You know you're dealing with pure evil when puffy dresses, a child's painting, and a dozen white roses strike fear into your heart. So enters Esther, the star of the movie Orphan, a horror film that's seemingly been forgotten in the decade since its 2009 release. At first glance, it's easy to write off the film as just another evil child horror flick, but on a second watch, you begin to realize that director Jaume Collet-Serra knew how to create the terror of finding out that evil is in your own home.
With plenty of gore, an all-star cast, and the twistiest of twist endings, Orphan really does deserve a second chance. With a prequel reportedly in the works, it's the perfect time to unpack what makes Orphan worth remembering.
The shock value of any good horror film ultimately hinges on a twist ending. Just think of classics like Psycho and A Nightmare on Elm Street, which rely on their twists to keep viewers on the edge of their seats. Orphan offers the surprising twist of not being a horror movie about an orphan at all, but about a grown woman pretending to be a child.
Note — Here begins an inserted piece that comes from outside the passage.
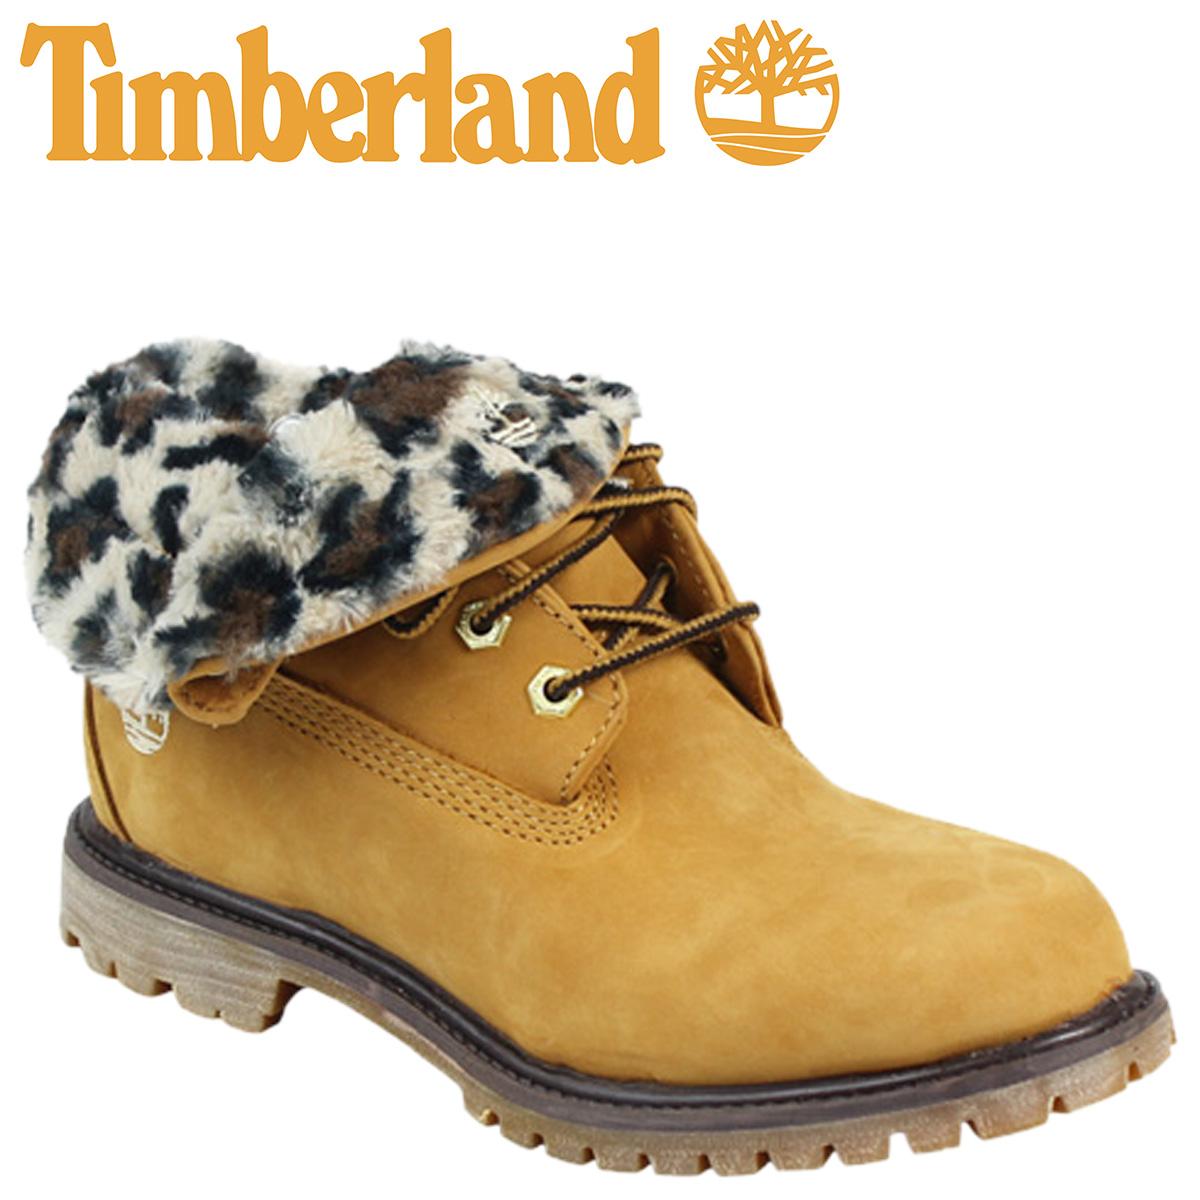 [SOLD OUT]timbarando Timberland女士WOMEN'S EK AUTH RT CHEETAH長筒靴地線守門員確實的角色頂罩21694 W懷斯惠特
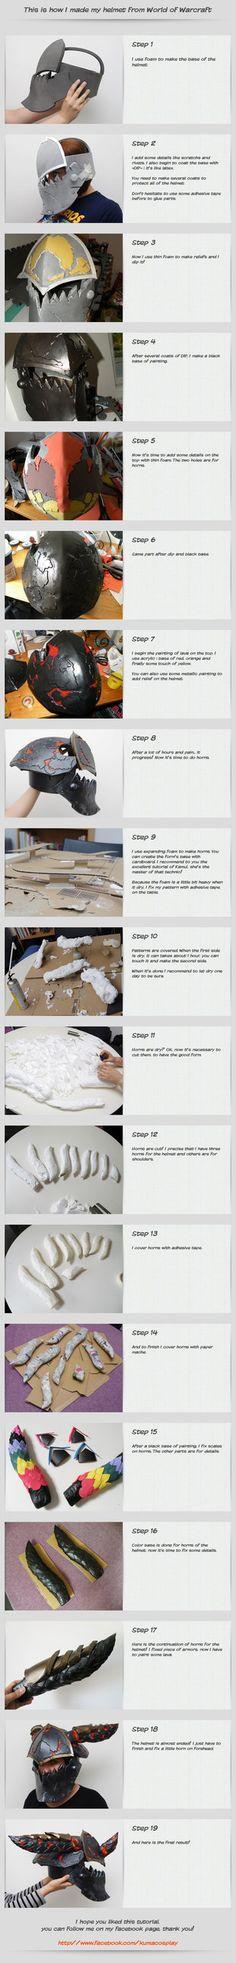 Cosplay tutorial - Helmet of Wow by kurerukreatis on DeviantArt

We find out that 9-year-old Esther is actually 33-year-old Lena Klammer, who escaped from an institution in Russia, then came to America under the guise of being a sweet little girl in need of a family. Realizing that this woman is able to manipulate so many other adults is perhaps the most horrifying element of the film.
Esther seems so innocent in her crinoline-lined dresses and silk ribbons, but something about her ensemble manages to make the hair on the back of our necks stand on end. When considering what it is about some ribbons and bows that leave us so unsettled, it's worth taking a little walk down traumatic childhood memory lane to the story of "The Green Ribbon," by Alvin Schwartz and Dirk Zimmer.
The story goes that a boy and girl fall in love, then marry as adults, but the woman will never tell her husband why she always wears a green ribbon around her neck. When she is about to perish, she tells her husband to remove the green ribbon, and once he does - you guessed it - her head falls off. While Esther's head stays on when she removes one of the many collars she wears throughout the film, what she's hiding beneath is just as terrifying.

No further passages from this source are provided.